In this paper, we study physical-layer security for a spectrum-sharing heterogeneous cellular network consisting of a macro cell and an underlaying small cell, where a small base station (SBS) and a macro base station (MBS) transmit to their respective small user (SU) and macro user (MU) over their shared spectrum. A common eavesdropper is assumed to tap both the small-cell and macro-cell transmissions. In the macro cell, multiple distributed antennas of MBS are deployed around the far-off MU and only a single antenna is selected to transmit to MU. Meanwhile, SBS directly transmits to SU in the small cell. To improve the spectrum efficiency, we consider underlay spectrum sharing (USS), which allows SBS and MBS to simultaneously access the shared spectrum.
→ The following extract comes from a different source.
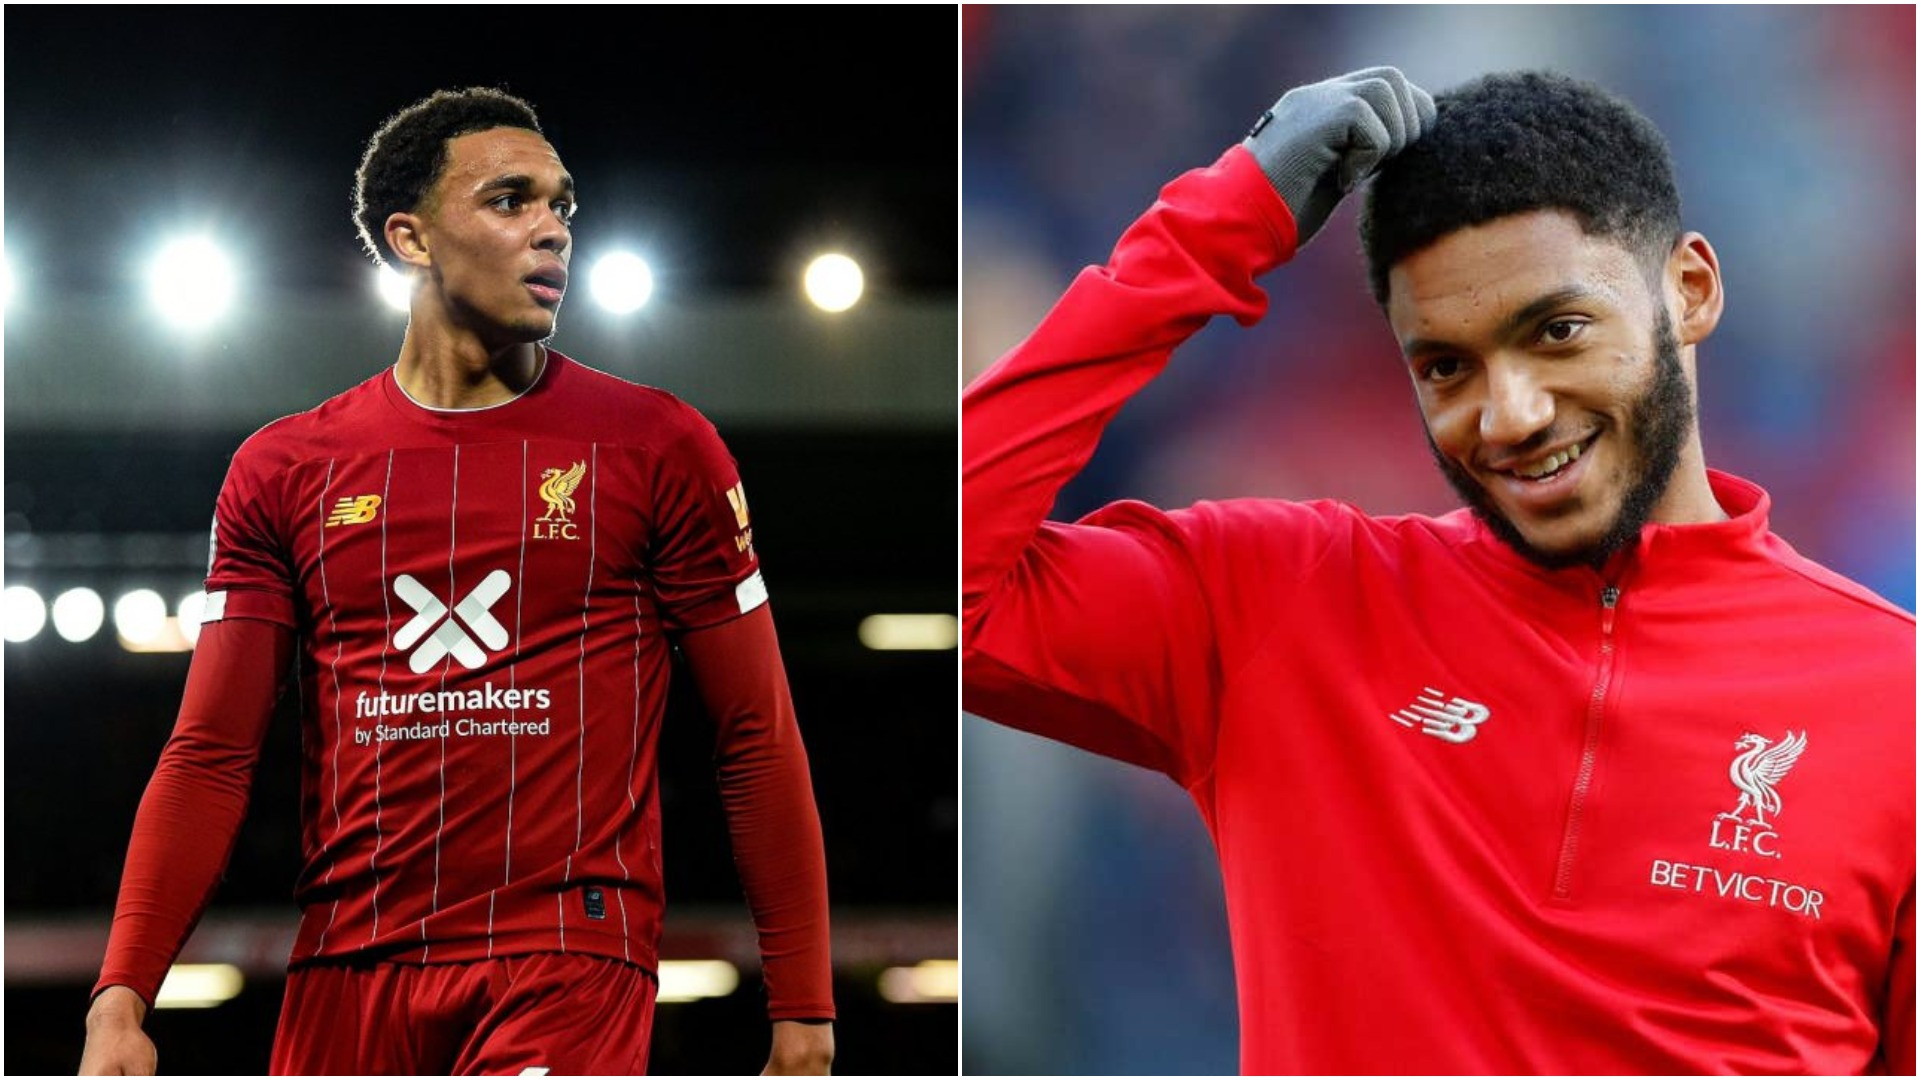 Arnold: Gomez nuk i druhet asnjë kundërshtari, gjithmonë më ruan shpinën
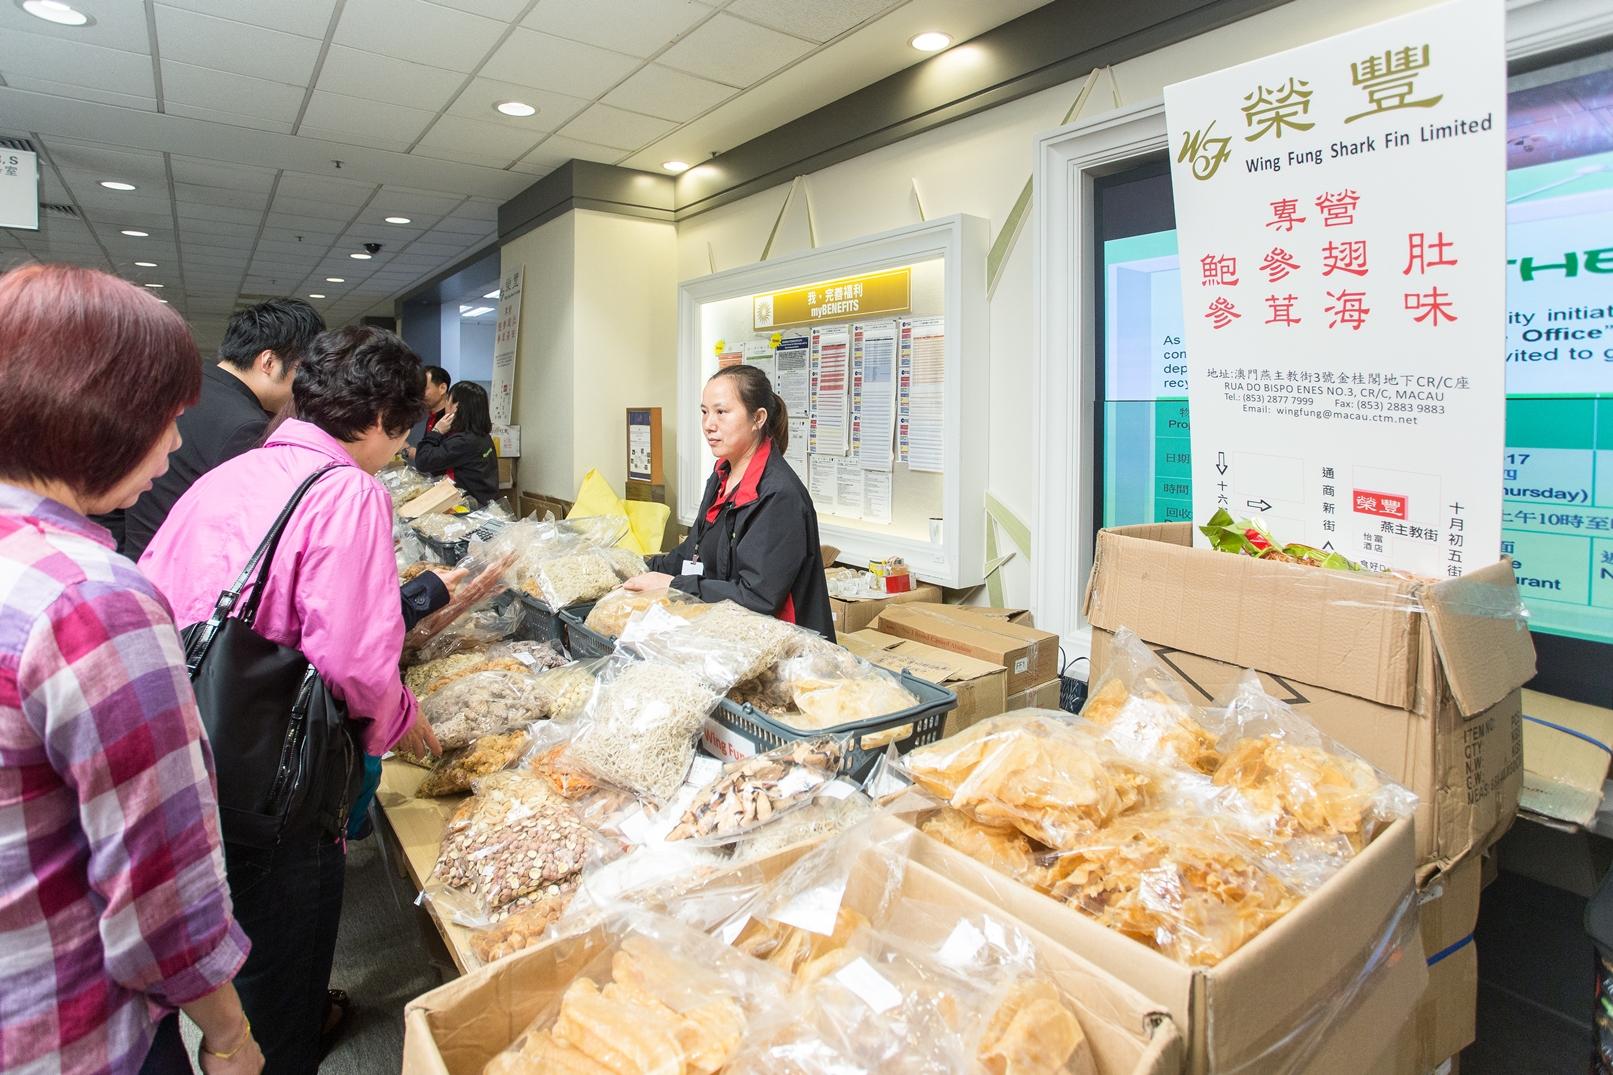 金沙中国邀请本地中小企供应商于后勤区举办员工优惠活动

We present two USS schemes, namely, the interference-cancelled opportunistic antenna selection (IC-OAS) and interference-limited opportunistic antenna selection (IL-OAS), where a sophisticatedly-designed signal is exploited in the IC-OAS to perfectly cancel out the interference received at MU from SBS. Closed-form expressions of the secrecy outage probability are derived for both the IC-OAS and IL-OAS schemes over Rayleigh fading channels. Numerical results show that the IC-OAS scheme significantly performs better than the IL-OAS scheme for the macro-cell transmission in terms of the secrecy outage probability. Moreover, with an increasing number of distributed antennas, the secrecy outage probabilities of both IC-OAS and IL-OAS decrease substantially.